Exploring Commercial Property Assessed Clean Energy (C-PACE) Financing in Ontario

ERO number
026-0700
Notice type
Policy
Posted by
Ministry of Municipal Affairs and Housing
Notice stage
Proposal
Proposal posted
Comment period
July 2, 2026 - August 1, 2026 (30 days) Open
Last updated

This consultation closes at 11:59 p.m. on:
August 1, 2026

Proposal summary

The government is exploring a C‑PACE framework that would let municipalities opt in to support private financing for clean energy upgrades through property based repayment. The proposal outlines eligible properties, lender consent rules, municipal roles, and safeguards. Feedback is requested on design, regulation, and enforcement.

Proposal details

Since June 2025, announced as part of the Province’s Spring 2025 Red Tape Reduction Package, the government has been exploring the feasibility of potentially enabling new municipally administered financing arrangements for clean energy projects. To support this initiative, the government is seeking your feedback on a potential implementation framework for Commercial Property Assessed Clean Energy (C-PACE) financing. 

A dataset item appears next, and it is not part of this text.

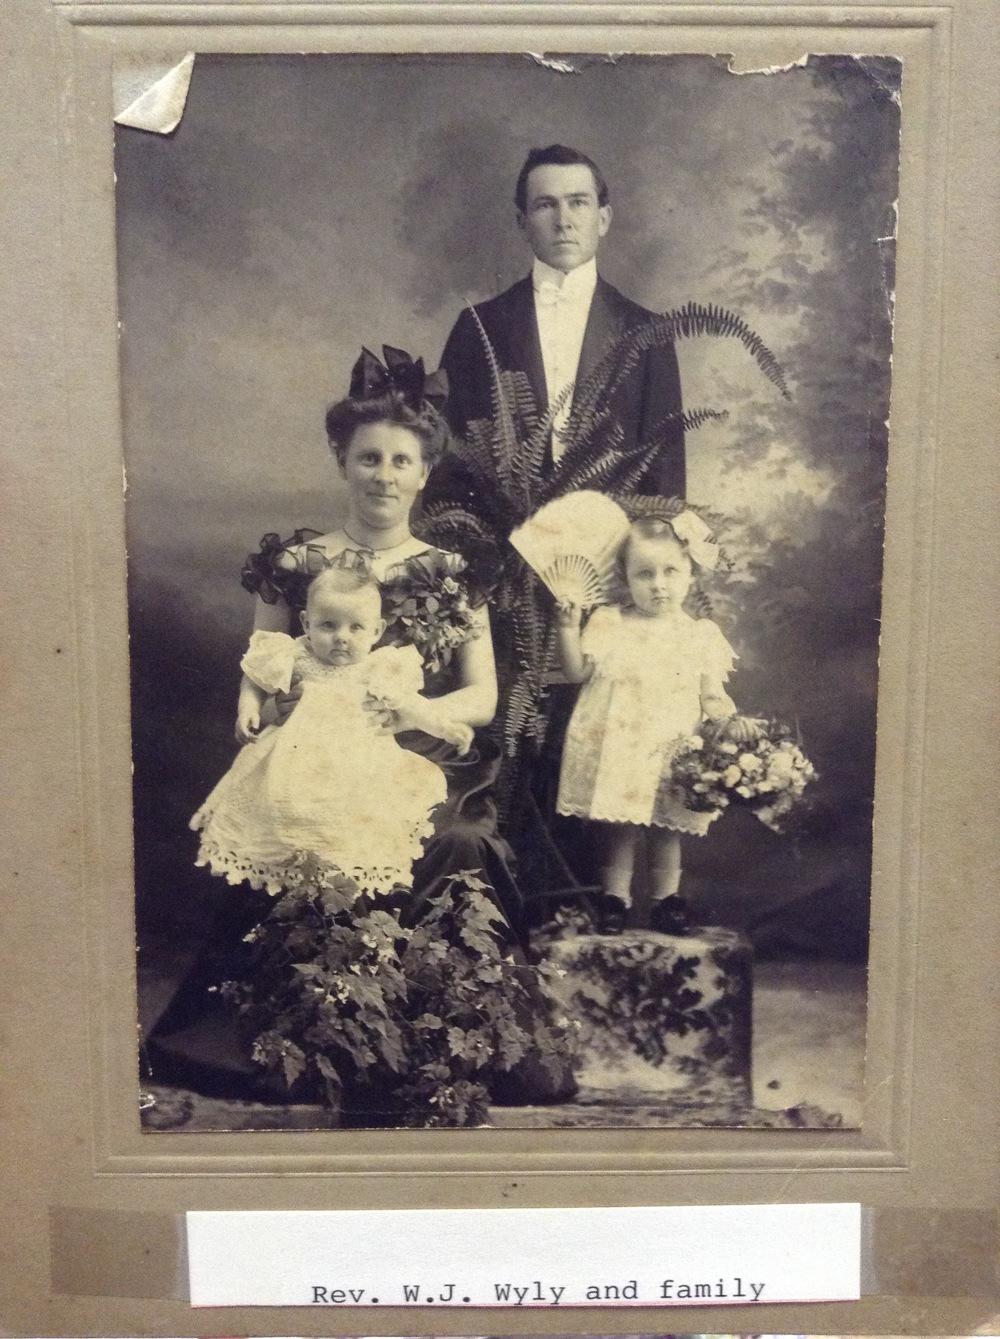 Rev. W.J. Wyly and Family

C-PACE financing is an optional financial mechanism that enables commercial property owners to fund energy efficiency, renewable energy, and water conservation upgrades through private loans that are typically recovered through a property assessment imposed by local governments.

Municipalities have the option to facilitate eligible improvements on private properties and levy a local improvement charge to recover the associated costs. This charge can be added to the property tax roll, and once added, those charges are a special lien on the property. However, this does not apply to private financing that is provided directly to property owners for works undertaken by the property owners.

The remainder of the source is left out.